Certainly, Heidegger has not furnished an answer to the question of why this having-to-be is, and by not answering it, he avoids posing the question of suicide. In me Heideggerian analytic of Dasein., “freedom-for-death” merely signifies the possibility of consciously anticipating the temporal “end” and integrating the latter in “everyday Dasein.” In this projection toward the imminence of death, the supreme freedom of Dasein as such is affirmed. But when one thinks of the thousands of actual suicides committed in Germany after 1933, first, by the adversaries and victims of the Third Reich, and later by its defeated representatives, one cannot deny that the attitude toward there-being and not-being (Dasein and Nicht-Sein) expressed in Heideggerian philosophy has an importance concerning practical consequences for life that cedes nothing to the belief in God and immortality. Without recourse to the idea of an eternal creator of Being, it would undoubtedly be very difficult to refute Heidegger’s fundamental thesis concerning death as the “ultimate instance” of human Dasein, or to refute it from a moral standpoint. It is true that, from another perspective, the experience of the naked and insecure state of human Dasein constitutes a negative condition of the possibility of a religious vision of life. When one refuses to draw a religious conclusion from this fact, nothingness represents in effect the ultimate horizon before which the “meaning of Being” manifests itself. From this perspective, the nihilism of Heidegger’s existential ontology possesses foundations that are much more solid and profound than his adversaries – who cling to the ideas of progress and culture – are willing to concede. The fact that Heidegger, by virtue of an irreverent radicalism that can often repel, constantly attracted new disciples, that he was offered a chair in 1930 (during Weimar, and not only during Nazi rule) at the most prestigious German university (Berlin), an offer which he refused, should give his adversaries cause for reflection. However, though Heidegger resisted the call to Berlin, he succumbed to the temptation of directing Freiburg University.

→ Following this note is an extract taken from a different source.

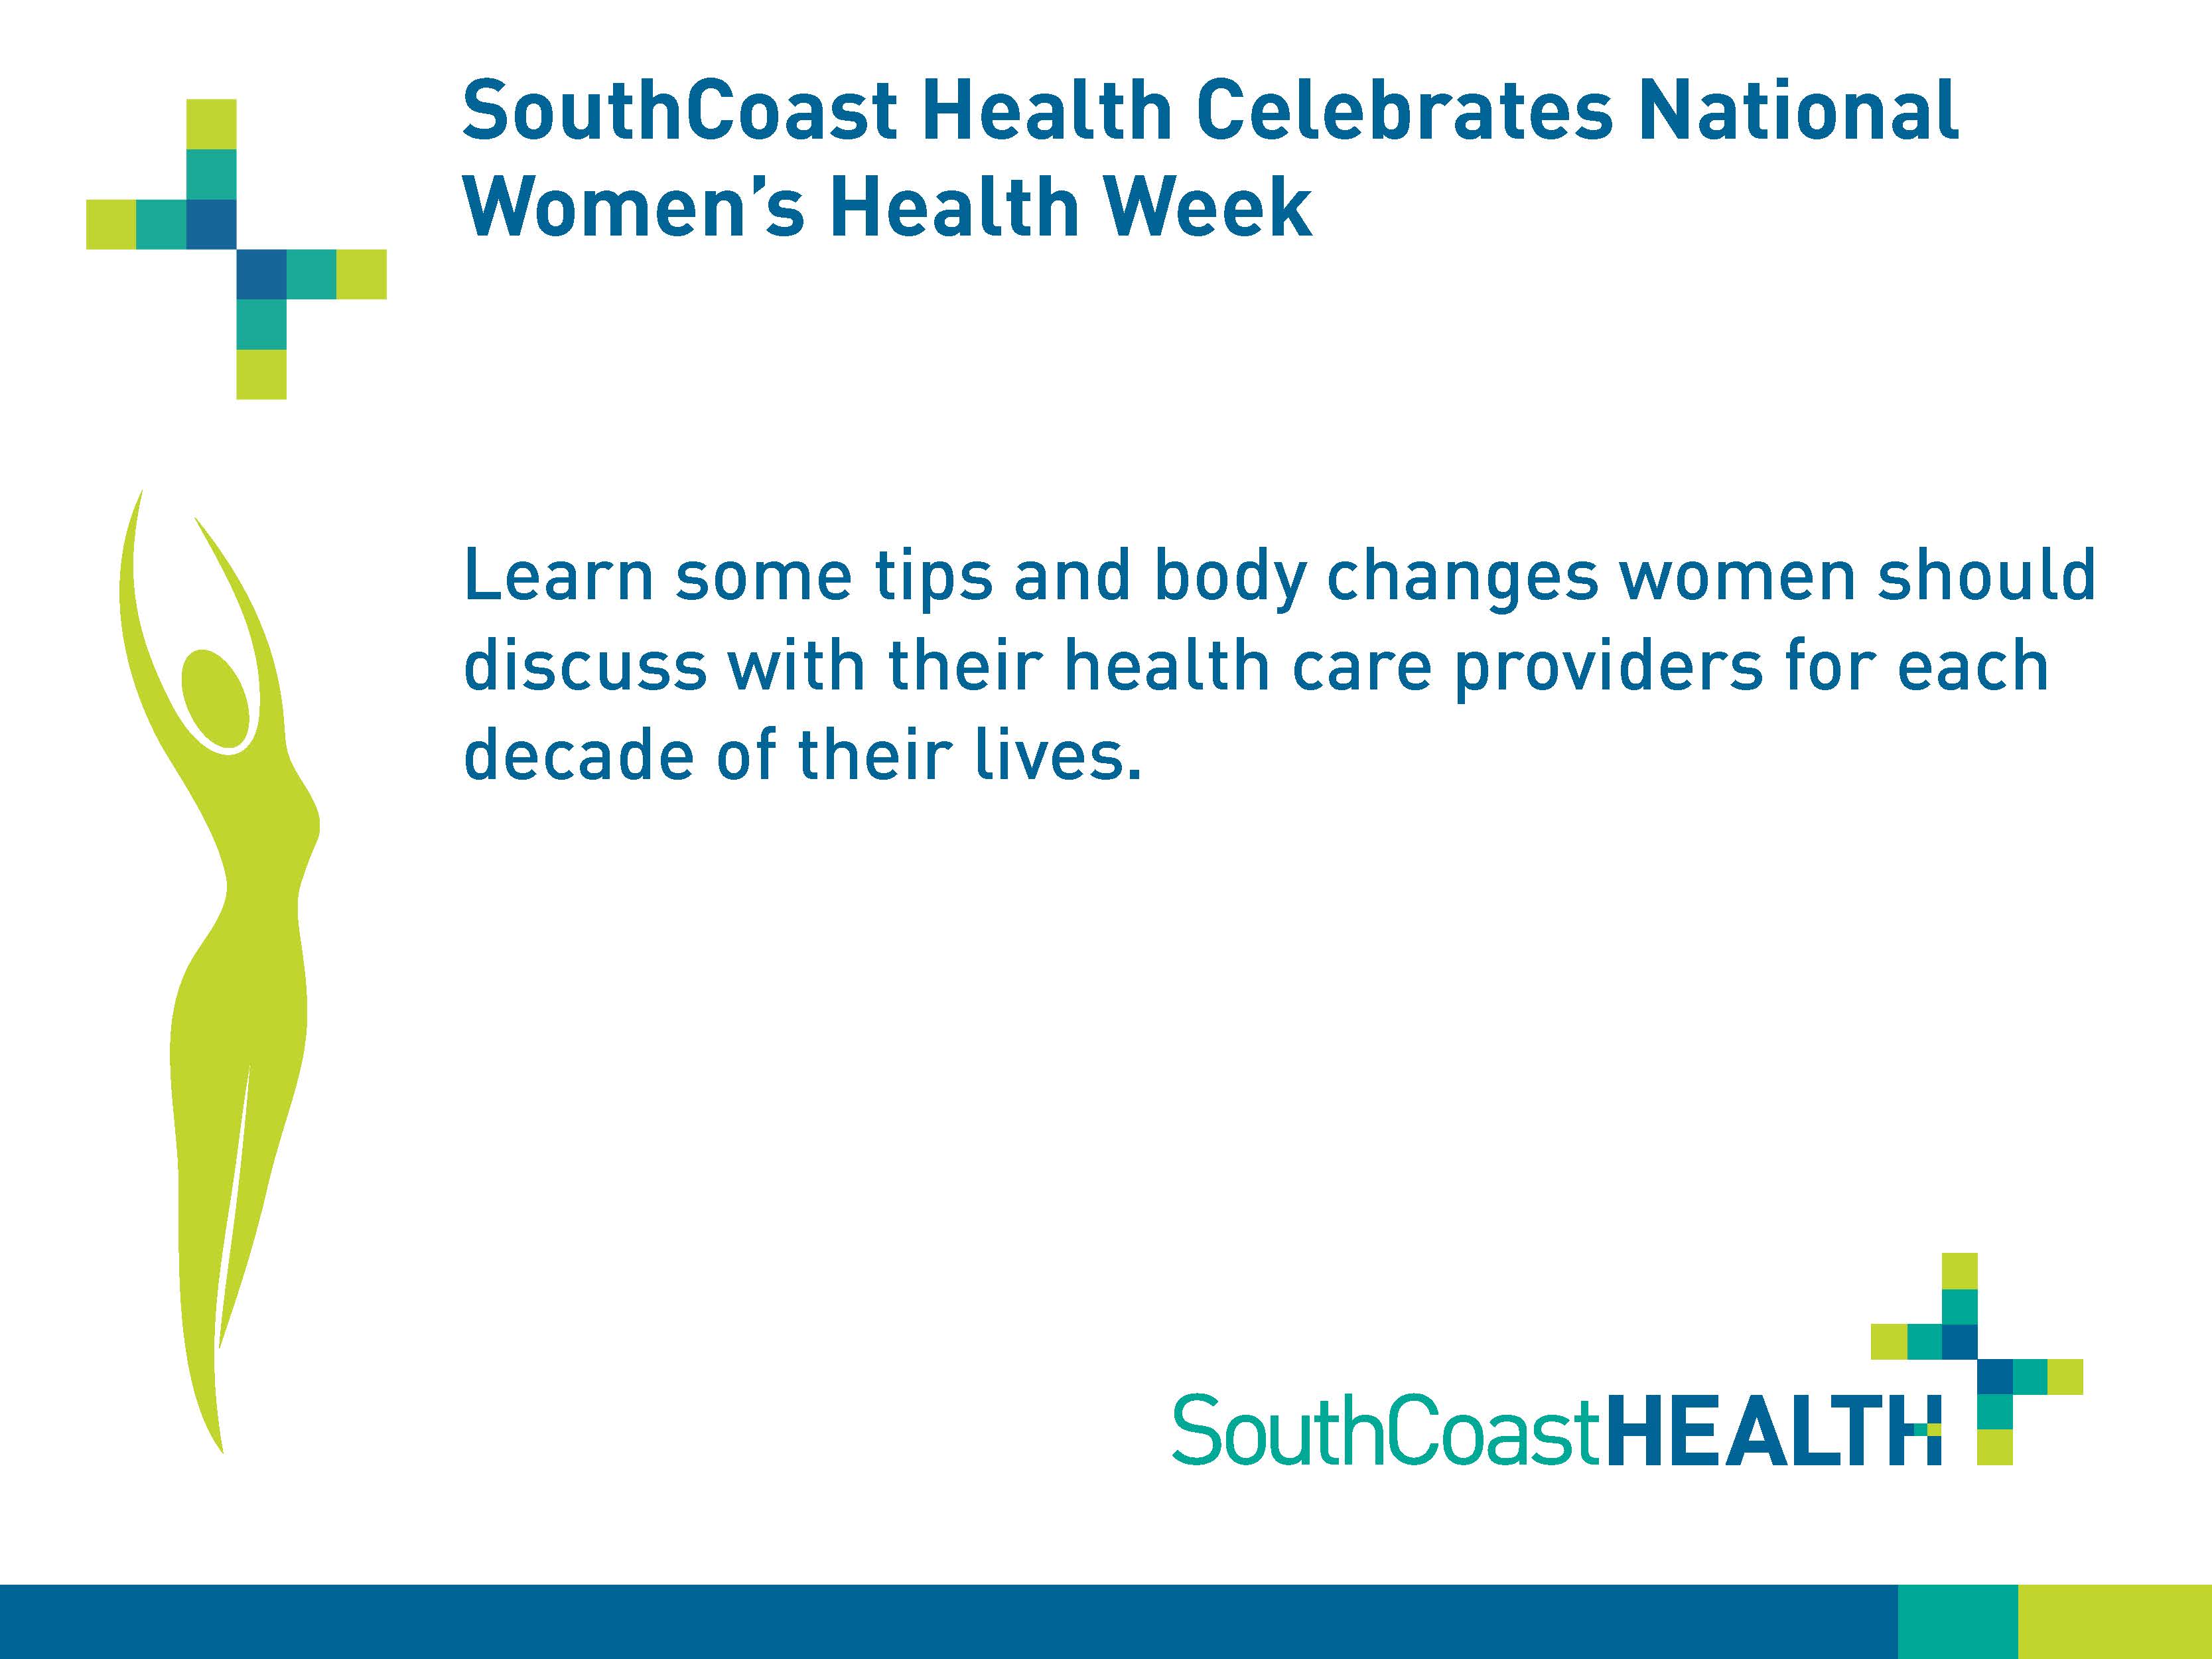 SouthCoast Health Celebrates National Women’s Health Week. Learn some tips and body changes women should discuss with their health care providers for each decade of their lives.

Heidegger’s accession to the rectorship of Freiburg University was an event. It came at a decisive time during the “German Revolution,” insofar as all the other universities at this critical juncture lacked a leader capable of filling his role — not merely by virtue of his Party membership, but by virtue of his intellectual stature. As a result, his decision took on a more than local significance. It was felt everywhere, for Heidegger was then at the zenith of his fame. The students in Berlin demanded that all the other universities follow the example of Glekhschaltung practiced in Freiburg. Heidegger’s disciples were surprised by his decision. He had almost never expressed his opinion about political matters, and it did not seem that he had a firm opinion concerning such issues.

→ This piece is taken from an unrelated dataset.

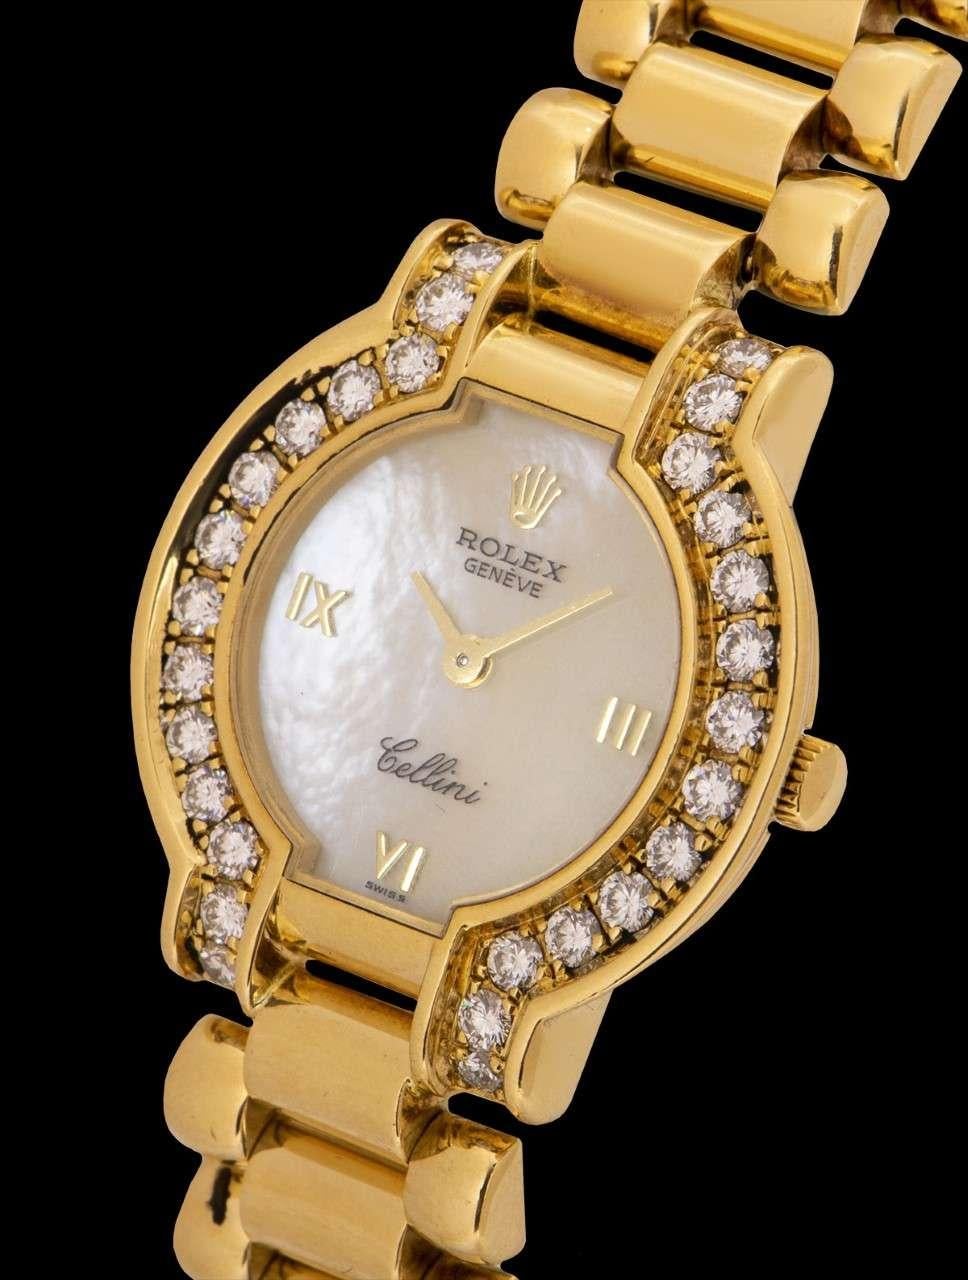 An 18k Yellow Gold Cellini Ladies Wristwatch, white mother of pearl dial with applied roman numerals, a fixed 18k yellow gold bezel set with 28 round brilliant cut diamonds, an 18k yellow gold bracelet with a concealed 18k gold deployant clasp,

Heidegger, however, inaugurated his rectorship with a speech on “The Self-Affirmation of the German University.” Compared to the numerous pamphlets and speeches published by professors who were the beneficiaries of Gleichschaltung after the fall of the Weimar government, Heidegger’s speech is philosophically demanding, a minor stylistic masterpiece. From a strictly philosophical standpoint, the speech is strangely ambiguous from beginning to end. It succeeds in positing existential and ontological categories at a specific historical “moment,” in a way that suggests that their philosophical intentions a priori go hand in hand with the political situation, and that academic freedom jibes with political coercion. “Labor service” and “military service” are on a par with “service in knowledge” such that at the end of the speech, the listener was in doubt as to whether he should start reading the pre-Socratics or enlist in the SA. This is why the speech should not be judged according to one point of view alone, be it purely political or purely philosophical. It would be equally weak considered as a political speech or a philosophical essay. It transposes Heideggerian historical existentialism to contemporary German reality; and thus for the first time the master’s will to action finds suitable terrain and the formal outline of the existential categories receives decisive content.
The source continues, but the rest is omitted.